So what is graphene? It's a material comprising a single layer of carbon atoms (in effect making it a two-dimensional structure) arranged in a hexagonal pattern, sometimes referred to as an atomic-scale chicken wire. It is related to the much-hyped carbon nanotubes, which can be imagined as graphene sheets "rolled up" into hollow cylindrical "tubes". It first appeared on theoretical physicists' radars around the 1940s, when many of its properties were first calculated. There had been some modest attempts at isolating it later in the 20th century, but true breakthrough came when Andre Geim and Konstantin Novoselov made ingenious use of Scotch tape to peel away layers of graphene (a method they later dubbed "micromechanical cleavage"). For their contributions Geim and Novoselov were awarded the 2010 Nobel Prize in physics.

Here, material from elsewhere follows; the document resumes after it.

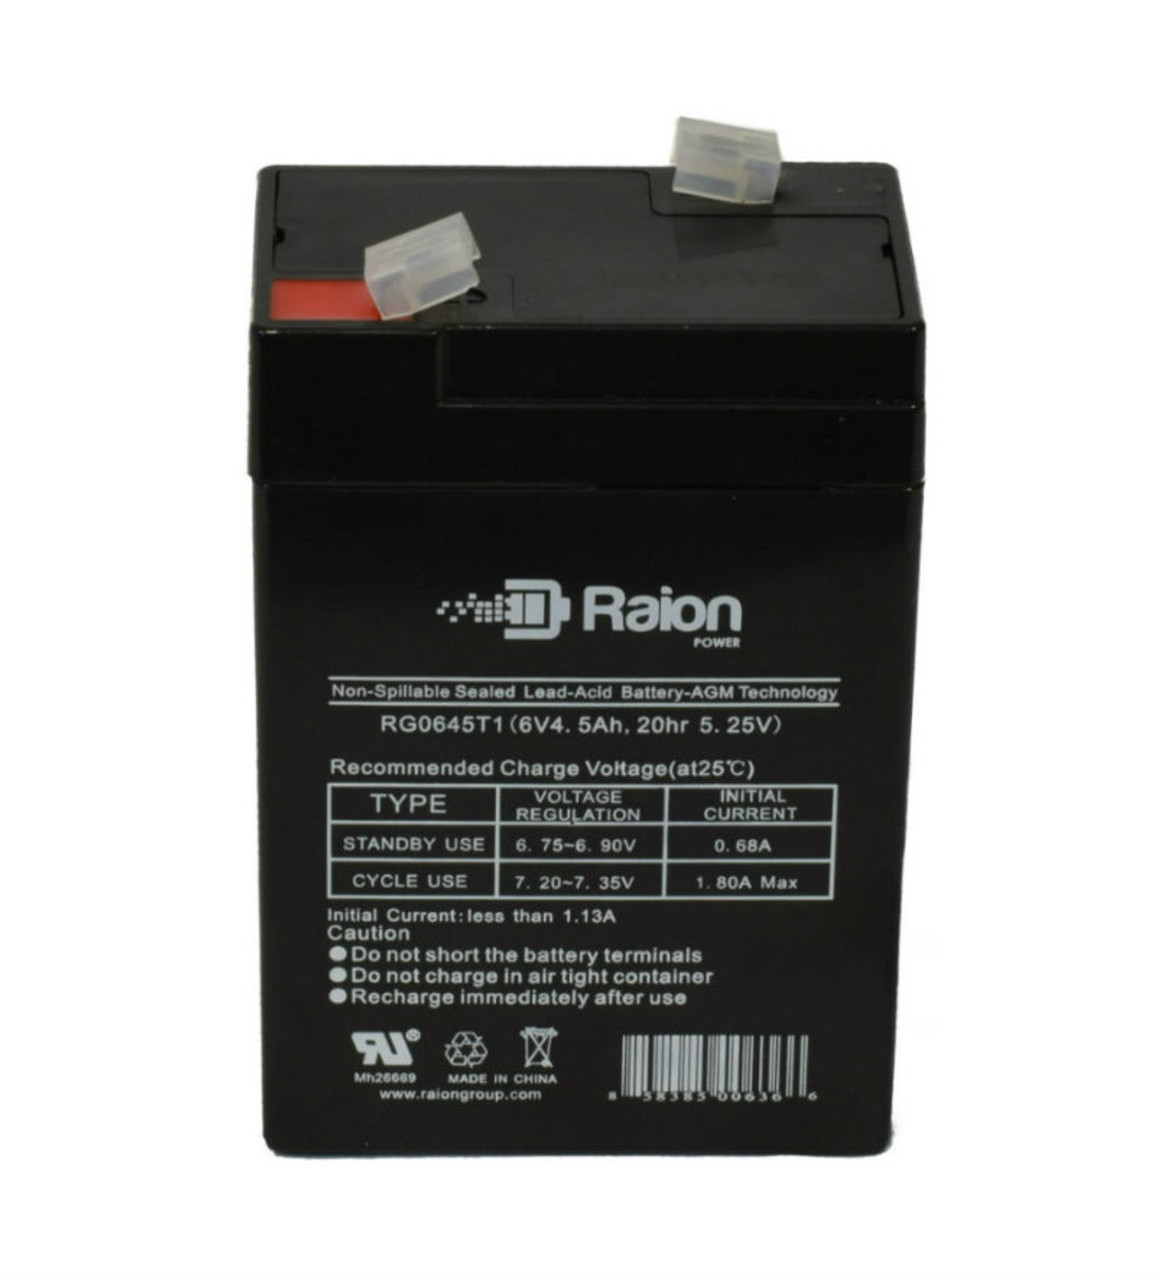 Raion Power RG0645T1 Replacement Battery Cartridge for National Power Corporation GS012PS6

What makes graphene special is a set of physicochemical properties unlike any other material. On the molecular level it has been observed that electrons moving through graphene achieve velocities much greater than in other conductors and they behave as if they are massless. This accounts for some strongly relativistic effects accompanying their motion - formerly found in high-energy physics or cosmology. Because of its high electrical conductivity and short electron passage, graphene makes a good candidate for electrical connections in nano-scale circuits.
But what will eventually come out of this innovative material is not dependent on its virtues alone. Only with inexpensive industrial processes for producing large amounts of graphene will it make a viable successor for many technologies presently used in various branches of industry and science. Fortunately, there is a variety of production methods being developed and improved all the time, so graphene may have a bright and promising future.